The Libyan puzzle and the way to safeguard Turkish national interests

The Libyan puzzle and the way to safeguard Turkish national interests

Negotiations between the leaders of Turkey and Russia on Libya may open up new prospects for Ankara. While the military situation does not favor Turkey’s allies, things are looking much better on the diplomatic front.

On December 11, Russian President Vladimir Putin and Turkish President Recep Tayyip Erdogan held a telephone conversation in which they expressed concern about the clashes in the area of ​​the Libyan capital Tripoli.

When Erdogan announced his intention to talk with Putin, he also claimed that he might send his military to Libya if the Libyan side requested it.

At the same time, the Turkish president said that he would like to discuss the situation in Libya with his Russian counterpart. According to Erdogan, he does not want Libya to become a “second Syria.”

Erdogan is unhappy that Russian military advisers are helping Libyan National Army Field Marshal Khalifa Haftar.

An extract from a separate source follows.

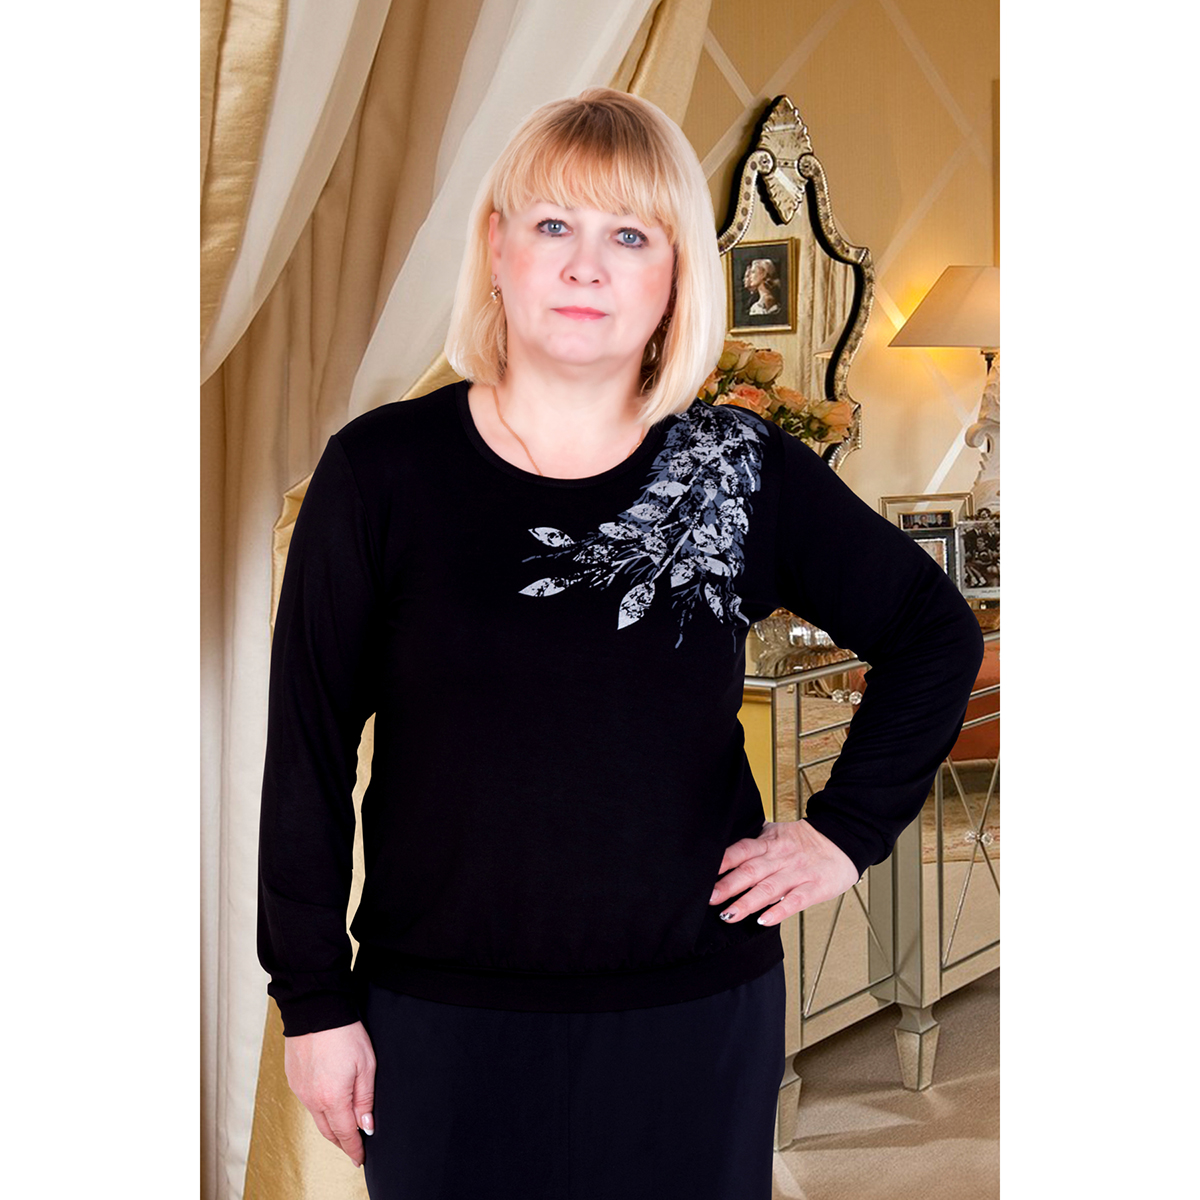 Женская блуза Лира Черный, размер 54Блузки, майки, кофты<br>Обхват груди:108 см<br>Обхват талии:88 см<br>Обхват бедер:116 см<br>Рост:167 см<br><br>Тип: Жен. блуза<br>Размер: 54<br>Материал: Вискоза

While addressing the students at Bilkent University, President Erdogan mentioned Russian military involvement in Libyan affairs

“A Russian security company called Vagner has sent its security guards to the country. If Libya makes such a request from us, we can also send our personnel to Libya, especially after making the military security agreement ” the president declared.

On November 27, the Turkish president and the head of the Libyan Government of National Accord (GNA) Fayez Sarraj signed two memorandums in Ankara. One of them concerned the delimitation of maritime borders between two states and the other was dedicated to military cooperation.

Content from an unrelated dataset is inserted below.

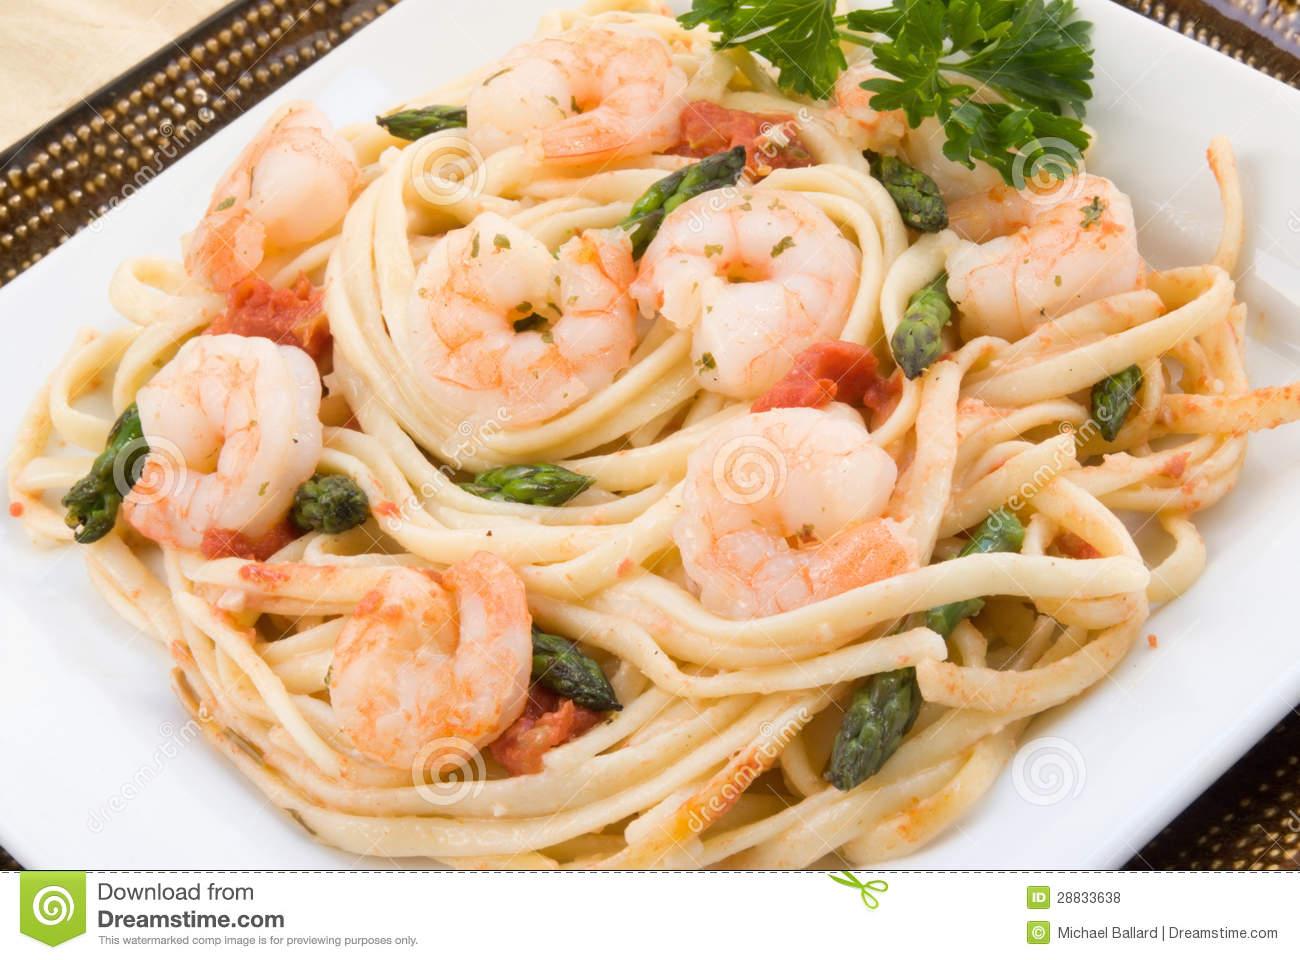 Shrimp Scampi With Asparagus Royalty Free Stock Photos.

The results of the negotiations provoked the indignation of Cairo, Athens and Nicosia. The governments of Greece, Greek Cyprus and Egypt emphasized that they consider the Libyan-Turkish accords illegal… the Greeks even expelled the Libyan ambassador from the country. Josep Borrel, the head of European diplomacy, also expressed his concern.

The Libyan front

The agreement between Ankara and Tripoli had previously been rejected by representatives of the Libyan National Army (LNA).  Despite the fact that the LNA is the internationally recognized government of Libya, it does not control the entire country.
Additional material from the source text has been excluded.